On March 30, 2011, the SEC initiated this rulemaking process, proposing rules that will direct the national securities exchanges to amend their listing standards so that public companies must satisfy these new independence requirements to maintain their listing status. This project is on a fast track, as the SEC must complete its rulemaking by July 16, 2011. Consequently, comments on the proposed rules must be submitted to the Commission by April 29, 2011.
Five Things You Should Know about the SEC’s Proposed Rules on Compensation Committee/Committee Adviser Independence
- The proposed rules do not elaborate on the “independence” factors (set forth below) which are specified in Section 952 of the Dodd-Frank Act. Surprisingly, the SEC has delegated responsibility for explaining (and possibly supplementing) these factors to the national securities exchanges (that is, the NYSE, the Nasdaq, and the AMEX).

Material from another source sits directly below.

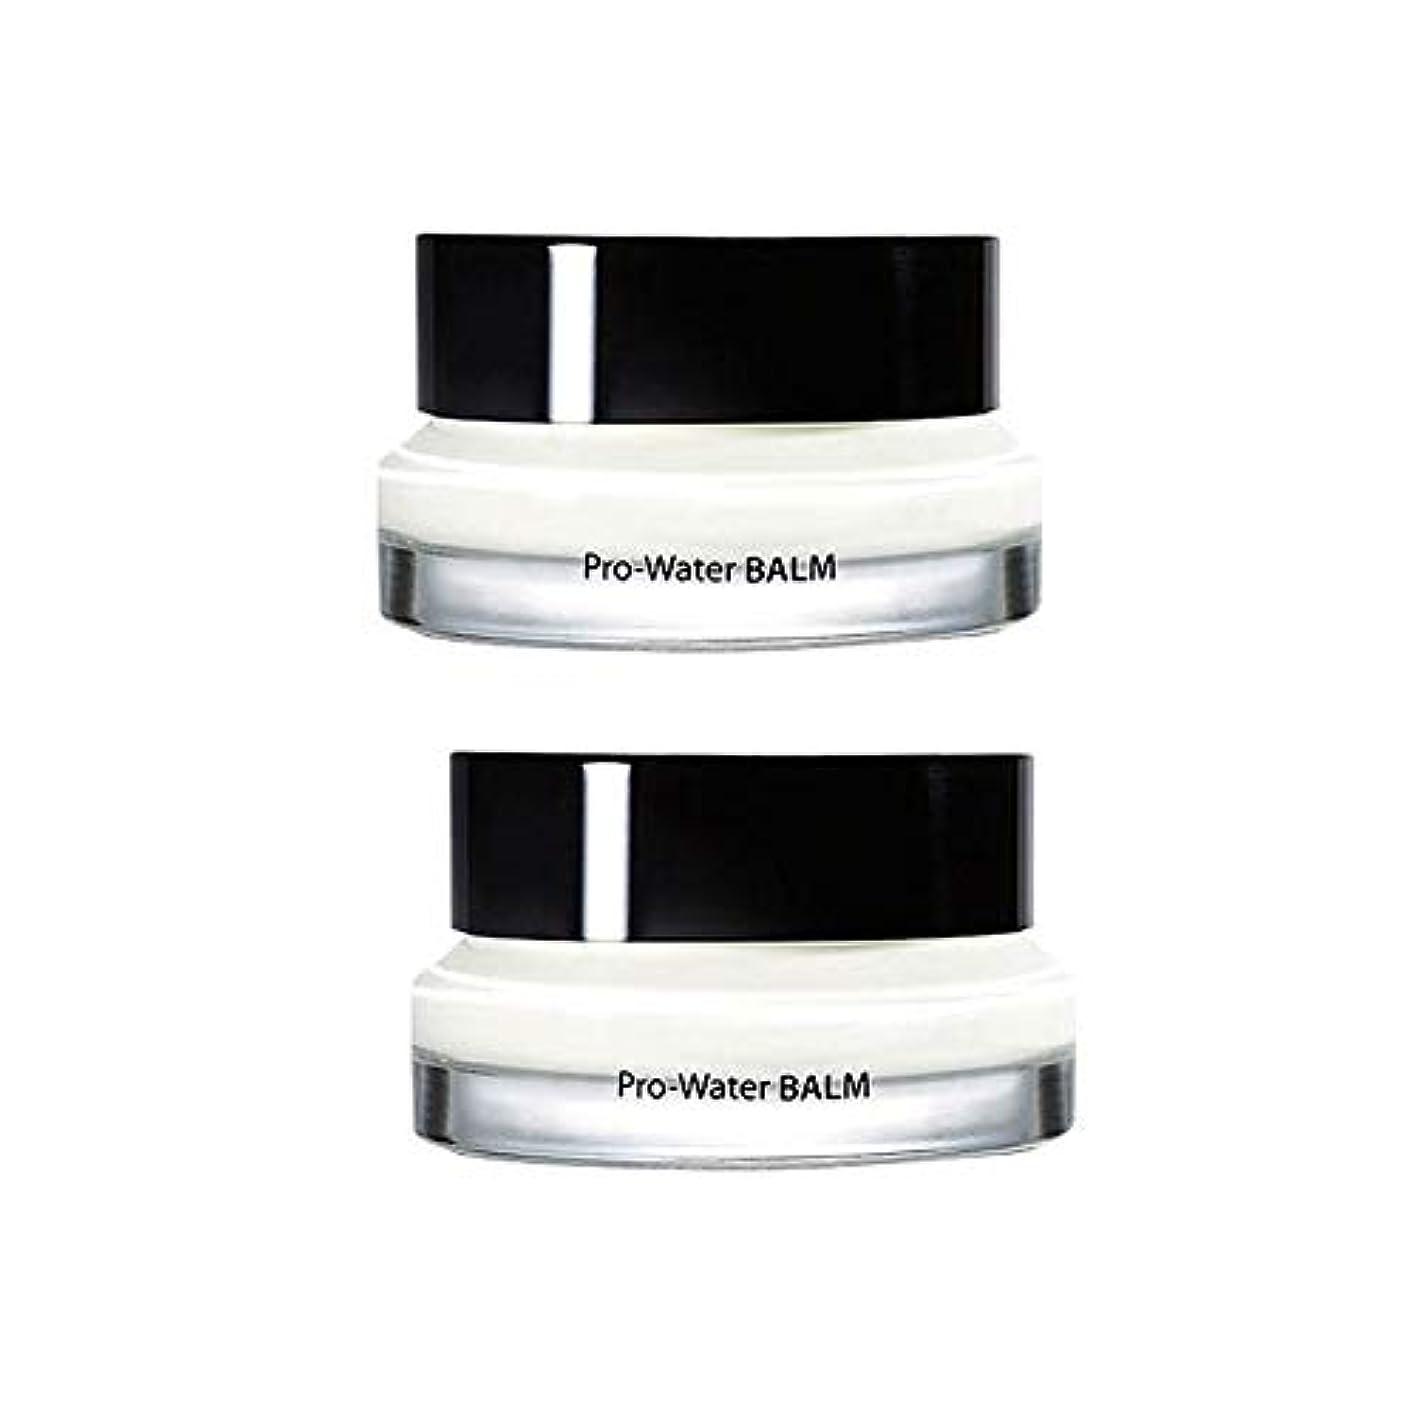 師匠植物学者ペルソナルナプロウォーターbalm 50mlx2本セット韓国コスメ、Luna Pro-Water Balm 50ml x 2ea Set Korean Cosmetics [並行輸入品]

- The national securities exchanges must modify their listing standards to require that the members of the board compensation committee of listed companies be directors and meet specific independence standards which take into consideration the source of the compensation received by a director, including any consulting fees, and whether the director is affiliated with the company.
- The national securities exchanges must also modify their listing standards to require that the board compensation committees of listed companies consider the independence of a potential adviser to the committee (such as a compensation consultant or legal counsel) before engaging such adviser. Notably, board compensation committees are not required to use independent advisers.
- The proposed rules would require all companies (not just listed companies) to disclose in their proxy statement the identity of any compensation consultant retained by the board compensation committee, whether the engagement created any potential conflict of interest, and, if so, how the conflict was resolved.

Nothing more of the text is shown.